Well, we were standing in our own little spot. Me, and my two youngest, with my husband and other family members. It had been about 3 long hours, when a lady starts raring up! Her husband was mad as well, for a reason that was unkown to me yet. The husband had been drinking alot so he was gone....I finally see the lady yelling at my other Aunt. Now, this Aunt and Uncle are from here, and have rode on and done floats for 30 years. So, we ALL know too well how people get over a stupid bead!

Come to find out, my Aunt from Michigan had been walking (running) with the floats and the people next to us were mad because she was taking their beads. OK.....how is that taking your beads???? Let me say this.....IF you ever come to Mardi Gras here...

Be prepared to get SLAMMED with beads if you look good.....be prepared to have a drunken someone next to you complaining about how that is their bead...YES BEAD!!! Be prepared to get knocked off of your feet over a stuffed animal. (I have even had an animal yanked out of my child's hand before...and tell me, why do I still go?) People get CRAZY over getting ANYTHING!

Needless to say, after the man and woman kept on, I was Mardi Gras out! I was ready to leave that parade, before the guy really started to fight! So, we headed home!

Now remember, we had walked about 8 blocks to get there. So, you can imagine that my mom was NOT ready to enjoy the nice walk home. She had continuously begged us to go get our cars so she would't have to walk back. Well, no one was going to drive in a circular pattern over and over to get a car there. COME ON....THEY BLOCK ALL THE ROADS OFF!! So, we walked home hearing the same stuff all over again. FUN FUN...I hope she doesn't read my blog lol!

My days of camping out is over, we go for the kids, but you can forget sleeping there to save a spot. On the other hand, my 16 year old daughter is a major campee!!! I don't think she missed one parade, and that is A LOT OF PARADES!

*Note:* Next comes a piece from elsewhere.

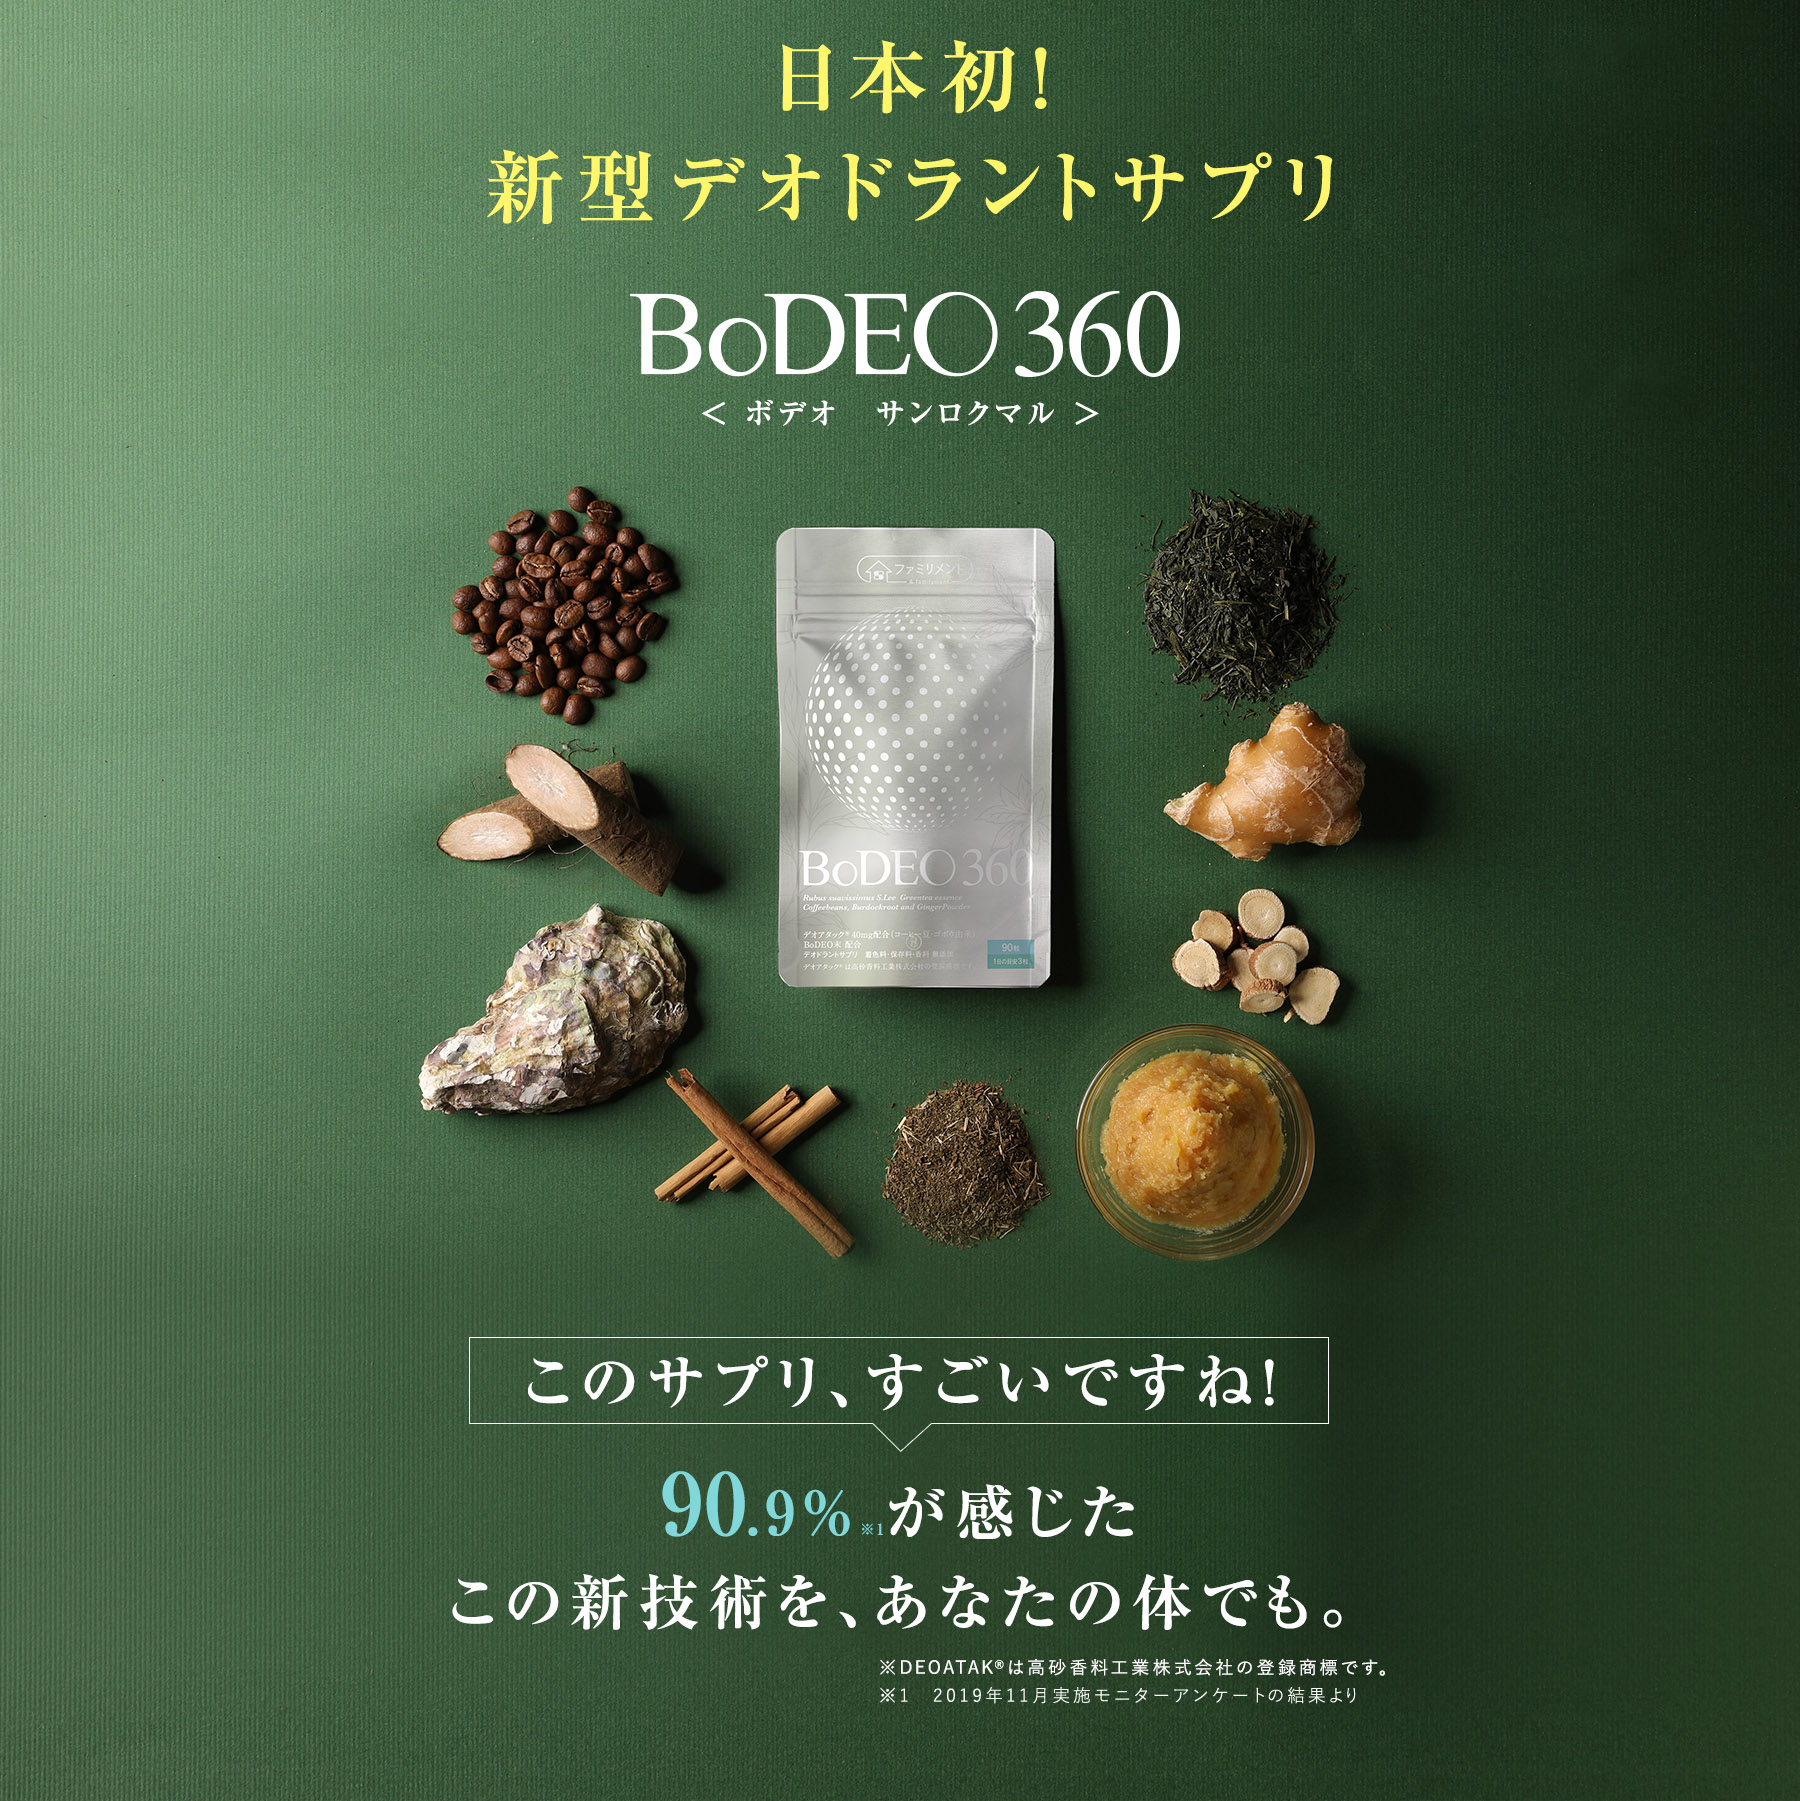 日本初!新型デオドラントサプリ < ボデオ サンロクマル >体臭が気になる方の90.9%が改善を感じたこの技術をあなたの体でも

She also paid $160.00 for the Endymion Extravaganza, and her boyfriend did NOT have his thinking cap on when they were supposed to go get his tux....NOPE..he was smart enough to wait until the day before their BIG NIGHT OUT...So, guess what? He paid $300.00 to OWN his tux....YEP he now OWNS a tux that he will probably outgrow before he uses it again!!!

In case you do not know what this is....When the HUGE FAMOUS parade is done with their route, they stroll into the Superdome....this is why you PAY to see it...Now, you have to wear a formal to this and you have to PAY to see the SAME EXACT parade that is on the street, where of course, people have slept there to see. But hey, you don't have to sleep on the street and you are guaranteed a spot!

The funny thing is, the ticket ONLY PAYS FOR YOU TO GET IN! You buy or should I say BRING all your alcohol, any drinks or food, and anything else you may need. Such as tennis shoes, because you get there at 5 PM and you start seeing the parade at 11 PM....THAT'S RIGHT! ANDDDDD...you even get a great bathroom with NO TOILET PAPER...AKA A PORTOLET!!! YEP.......IN YOUR BEAUTIFUL FORMAL DRESS YOU GET TO USE A PORTOLET!!! You can just about imagine by now that yes, your dress will be ruined by the end of the night! Unless you have an amazing Dry Cleaner!

So....that teaches you what?? IF you indeed ever go to the EXTRAVAGANZA....wear a dress you no longer need, get fitted for a tux AHEAD of time, bring you some toilet paper if you want to use that nasty portolet, and bring some tennis shoes!!

More on Mardi Gras DAY and my daughter's Mardi Gras in a few!! I woke up to my 3 year old crying with croop and my husband had been taking care of her all night! I was out like a light before 5 PM. Thank God for a good husband.

Now, my 2 year old woke up and decided he wants cereal...no he wants a donut stick...ok get that...nope he wants an oatmeal pie...ok fine...then he cries saying he doesn't want that, OK WHAT DO YOU WANT????? He then takes the oatmeal pie and sqeezes it in his hands....then cries it is broken......OK??? YOU SQUISHED IT...THAT IS WHY IT BROKE!!! I think it is time for him to go back to bed!!!!!